Summary of individual chapters: CHAPTER 1 : The above chapter discusses about the field of Automatic Speaker Recognition ( ASR ). It gives an introduction about speaker recognition. The advantages and applications of this unique method of authentication is explained in detail. A comparison of this automatic speaker recognition with other methods is highlighted to emphasize the uniqueness of the automatic speaker recognition system. A brief note on the the two main stages of automatic speaker recognition system namely the enrollment and testing stages are shown. Next, the classification of the automatic speaker recognition is shown to be of Automatic Speaker Identification ( ASI ) and Automatic Speaker Verification ( ASV ).
Later the concepts of Automatic Speaker Identification and Automatic Speaker Verification are dealt in detail. These two methods are compared to highlight the advantages of each. The commonly possible errors like False Acceptance and False Rejection are discussed and their dependency on the speech threshold is also highlighted. The relation between the Equal Error Rate ( ERR ) and the threshold are outlined to derive a system performance index which will be useful in the system implementation and testing stages.
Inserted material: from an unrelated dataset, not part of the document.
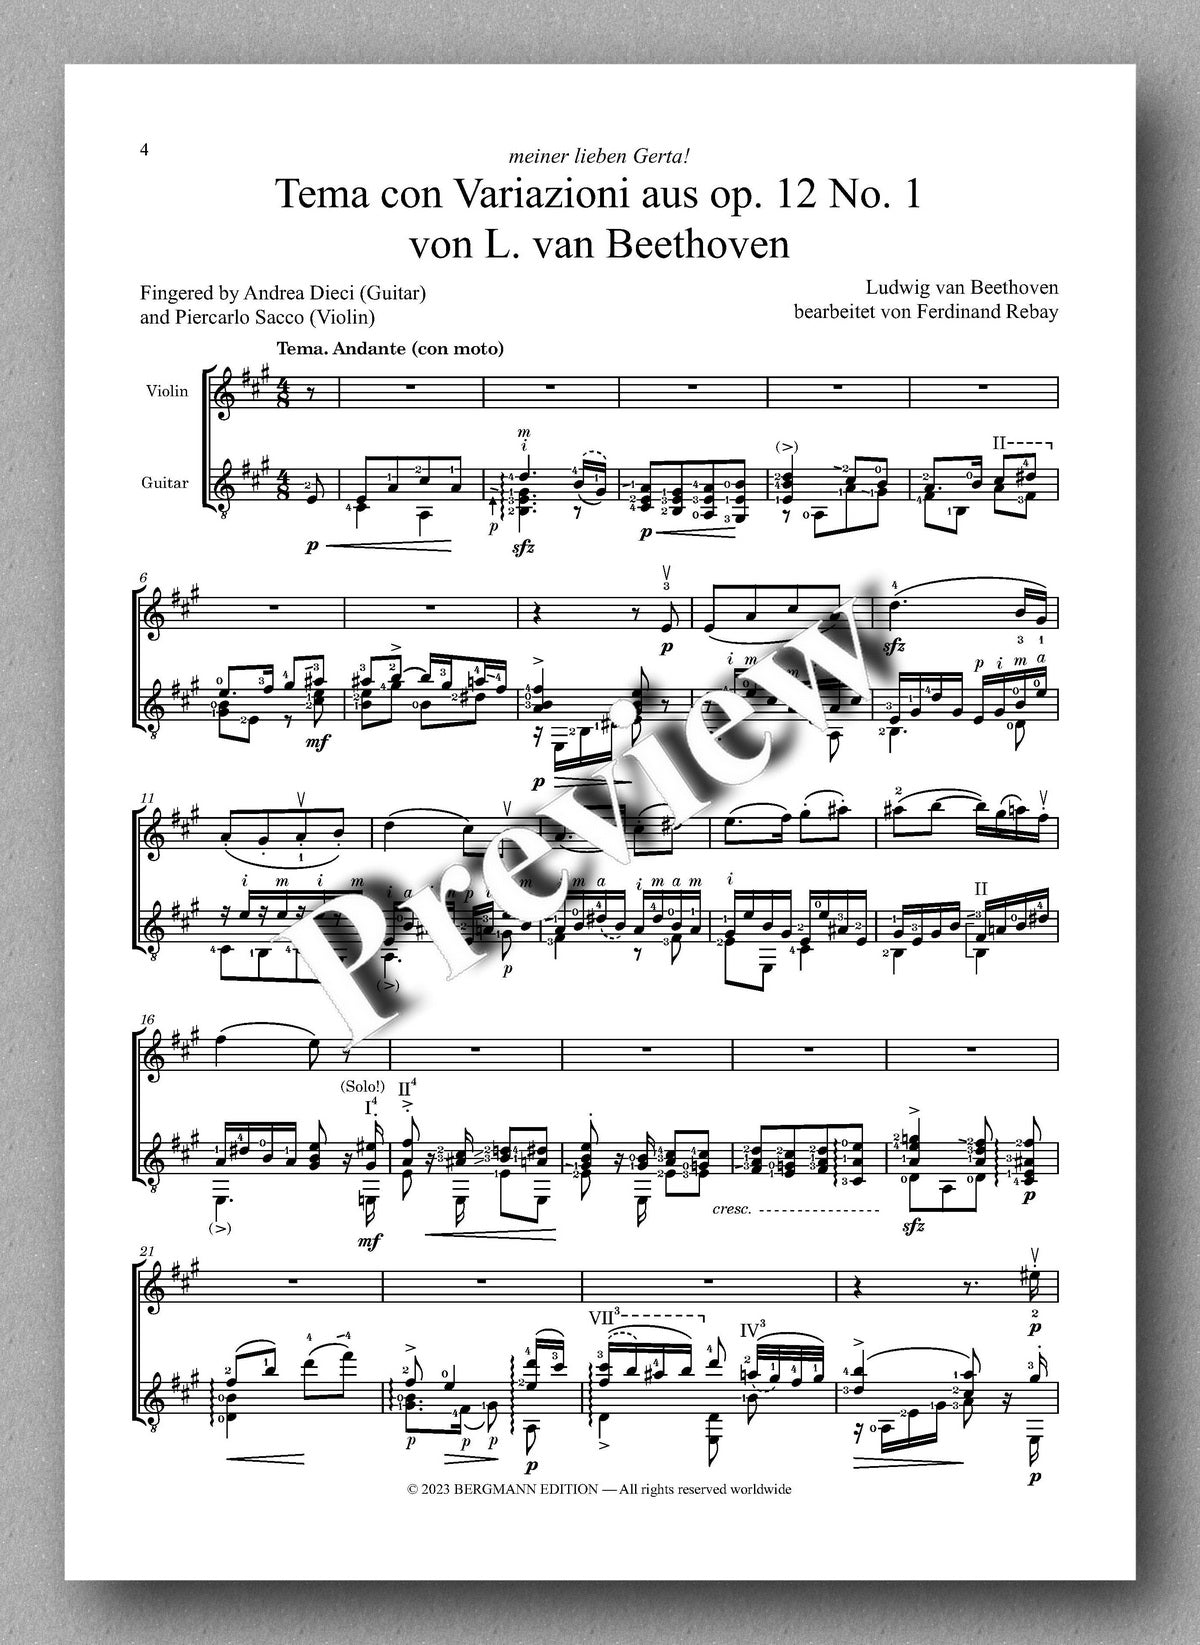 Ferdinand Rebay, Tema con Variazioni aus op. 12 No. 1 von L. van Beethoven - preview of the music score 1
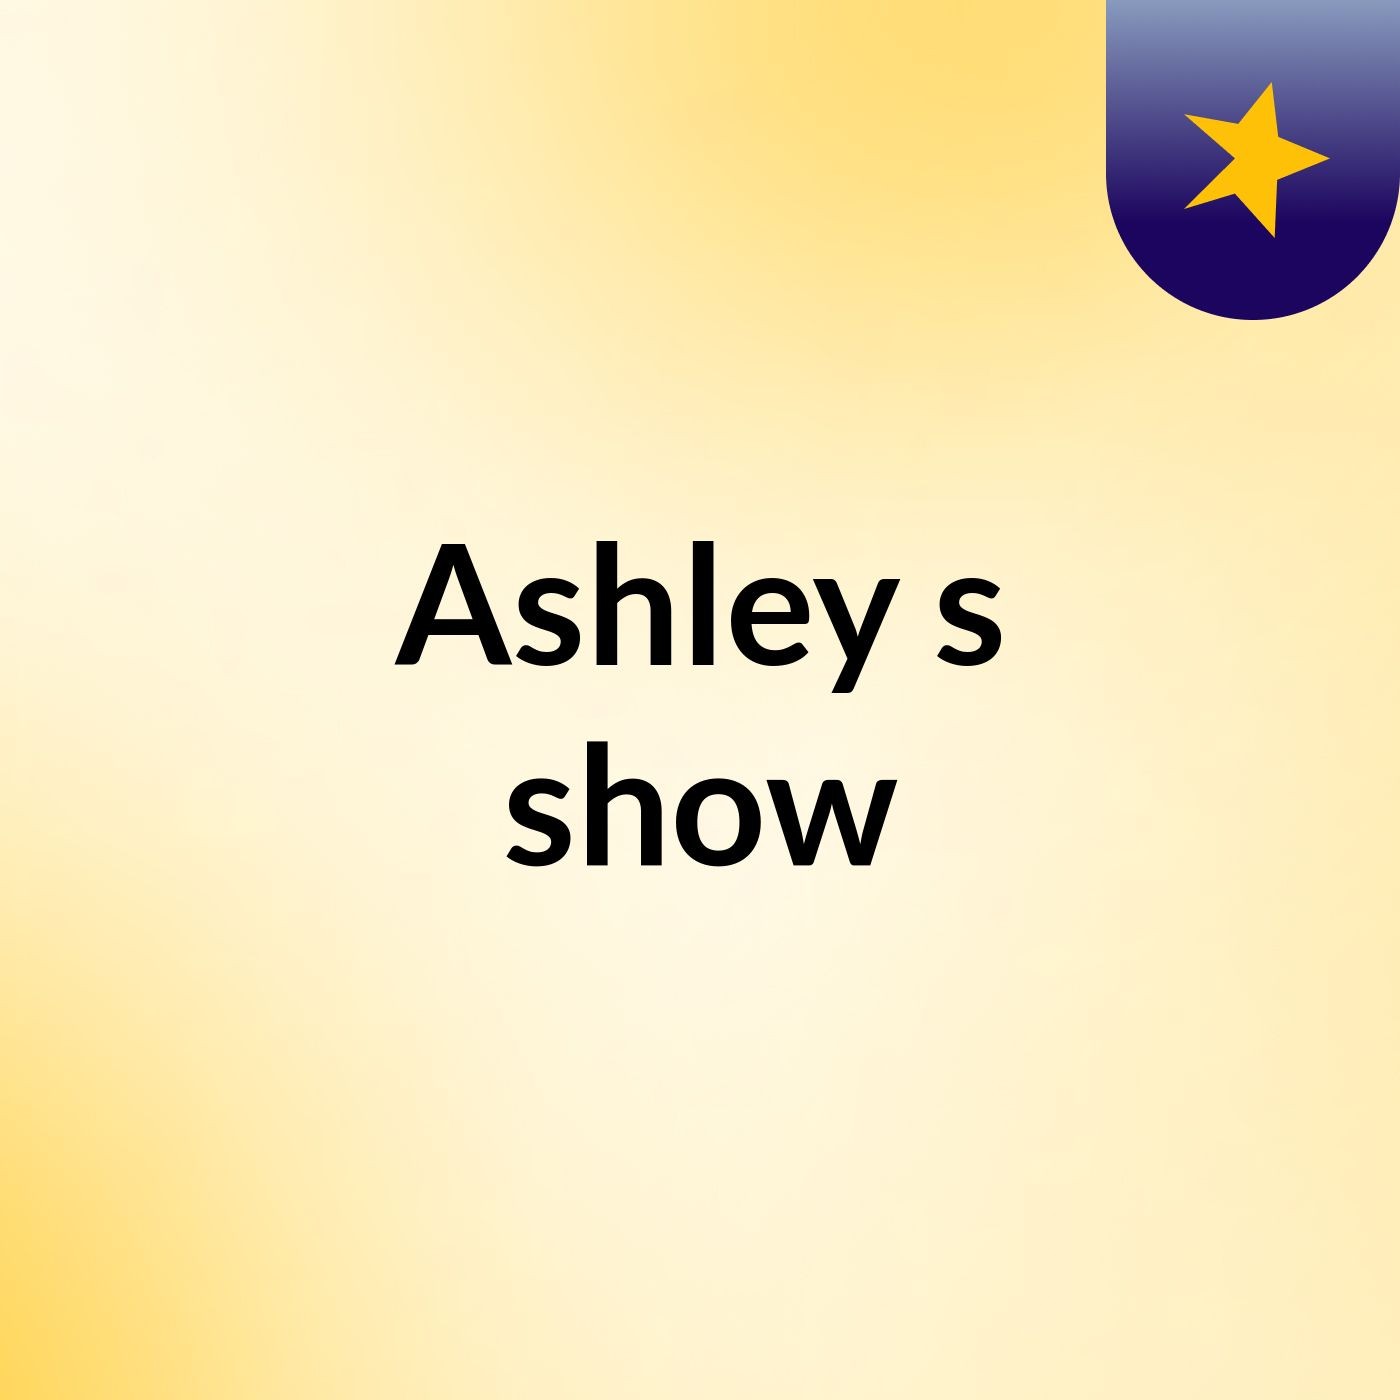 Ashley's show

Finally another classification of the Automatic Speaker Recognition is described to be Text Dependent and Text Independent classes. With this introduction we now start with the detailed discussion of Text Independent Speaker Identification System. CHAPTER 2 TEXT INDEPENDENT SPEAKER IDENTIFICATION SYSTEM: In this chapter the theory and methodology behind Text Independent Speaker Identification Systems were discussed. The chapter started with the discussion about human voice and speech production mechanism. The human vocal track modeled as the acoustical tube, enhances the correlation between the physical nature of the vocal track, with the resonant properties of the acoustical tube.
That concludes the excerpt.